Proceedings of the National Academy of Sciences ◽

10.1073/pnas.1501775112 ◽

2015 ◽

Vol 112 (17) ◽

pp. 5401-5406 ◽

Cited By ~ 29

Author(s):

Stefan Arenz ◽

Fabian Nguyen ◽

Roland Beckmann ◽

Daniel N. Wilson

Keyword(s):

Electron Microscopy ◽

Amino Acid ◽

16S Rrna ◽

Binding Site ◽

Tetracycline Resistance ◽

Small Subunit ◽

Amino Acid Residues ◽

Tyrosine Residues ◽

Cryo Electron Microscopy ◽

Resistance Protein

Ribosome protection proteins (RPPs) confer resistance to tetracycline by binding to the ribosome and chasing the drug from its binding site. Current models for RPP action are derived from 7.2- to 16-Å resolution structures of RPPs bound to vacant or nontranslating ribosomes.

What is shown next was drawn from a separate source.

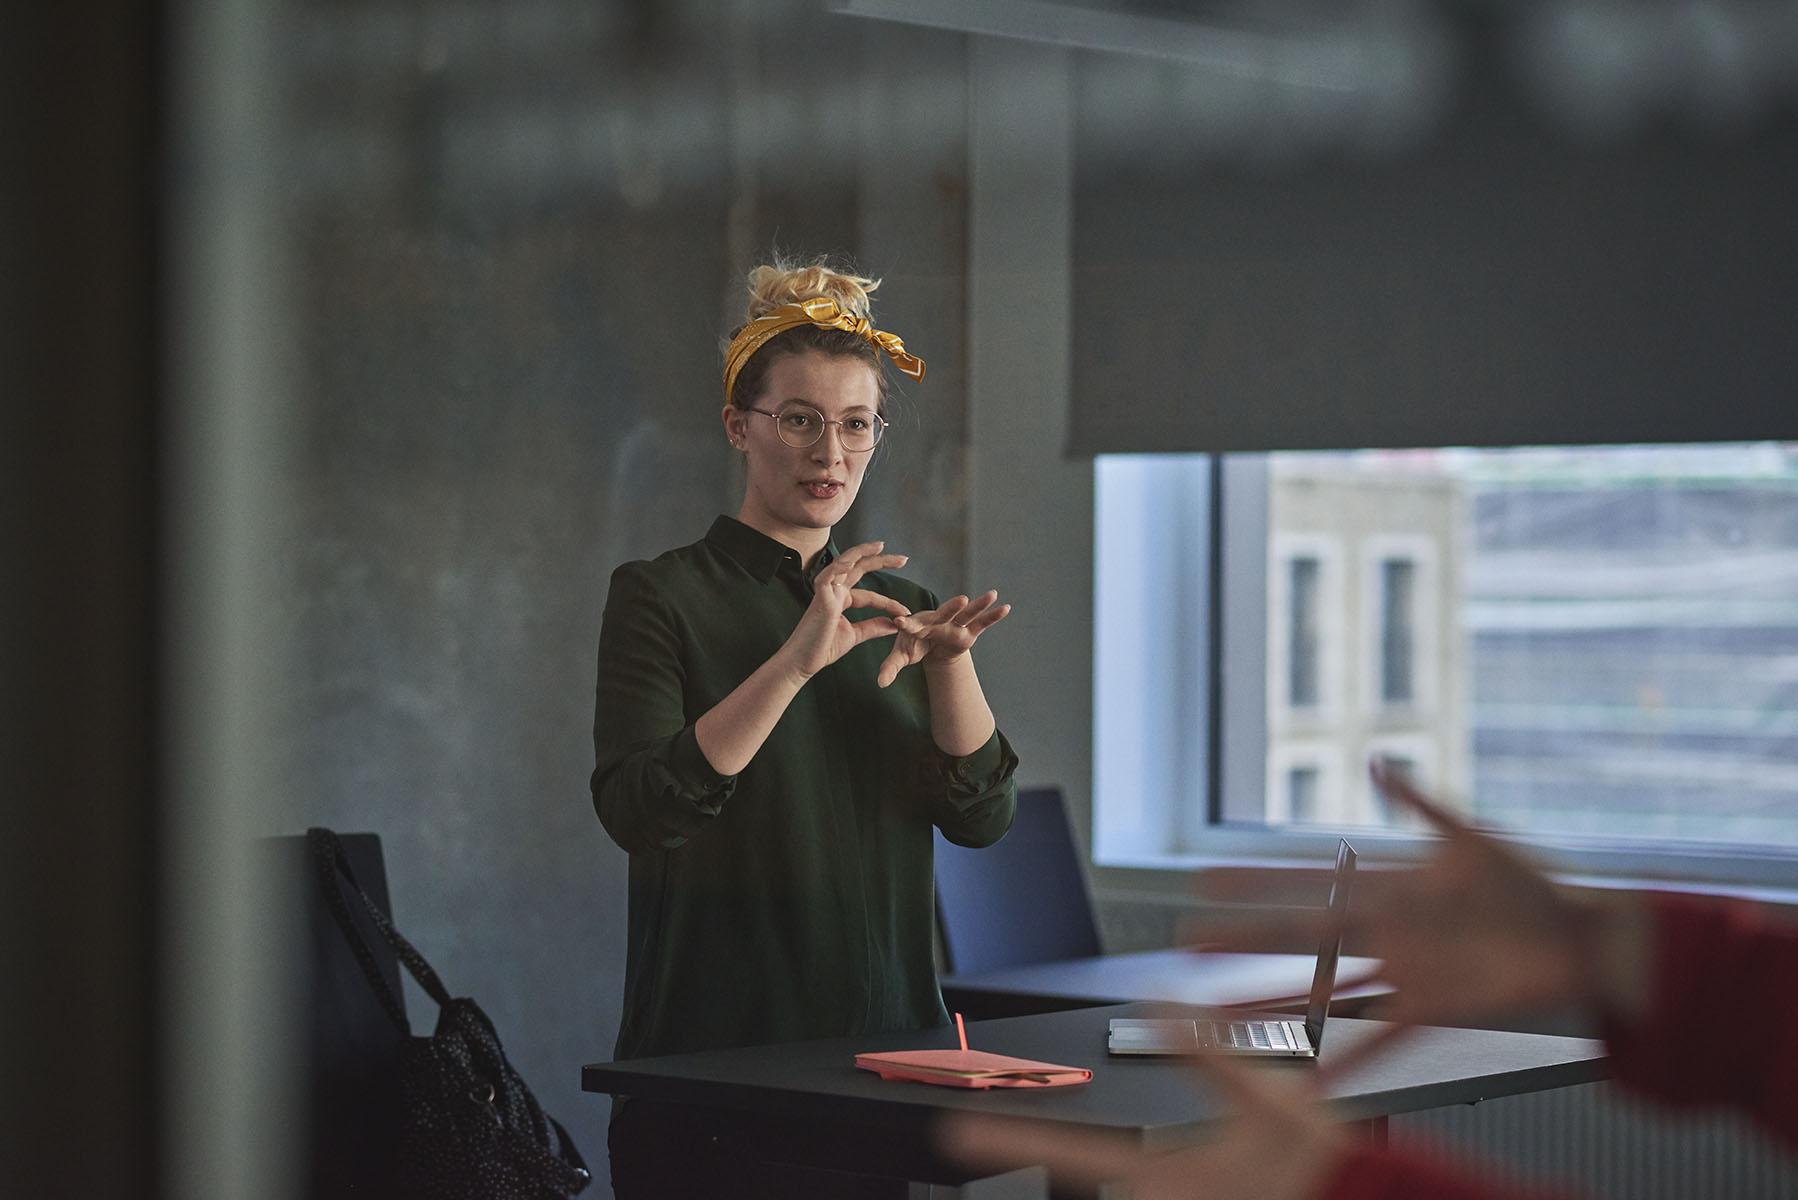 En tegnsprogs- og skrivetolk underviser i tegnsprog i et klasselokale

Here we present a cryo-electron microscopy reconstruction of the RPP TetM in complex with a translating ribosome at 3.9-Å resolution. The structure reveals the contacts of TetM with the ribosome, including interaction between the conserved and functionally critical C-terminal extension of TetM with a unique splayed conformation of nucleotides A1492 and A1493 at the decoding center of the small subunit. The resolution enables us to unambiguously model the side chains of the amino acid residues comprising loop III in domain IV of TetM, revealing that the tyrosine residues Y506 and Y507 are not responsible for drug-release as suggested previously but rather for intrafactor contacts that appear to stabilize the conformation of loop III. Instead, Pro509 at the tip of loop III is located directly within the tetracycline binding site where it interacts with nucleotide C1054 of the 16S rRNA, such that RPP action uses Pro509, rather than Y506/Y507, to directly dislodge and release tetracycline from the ribosome.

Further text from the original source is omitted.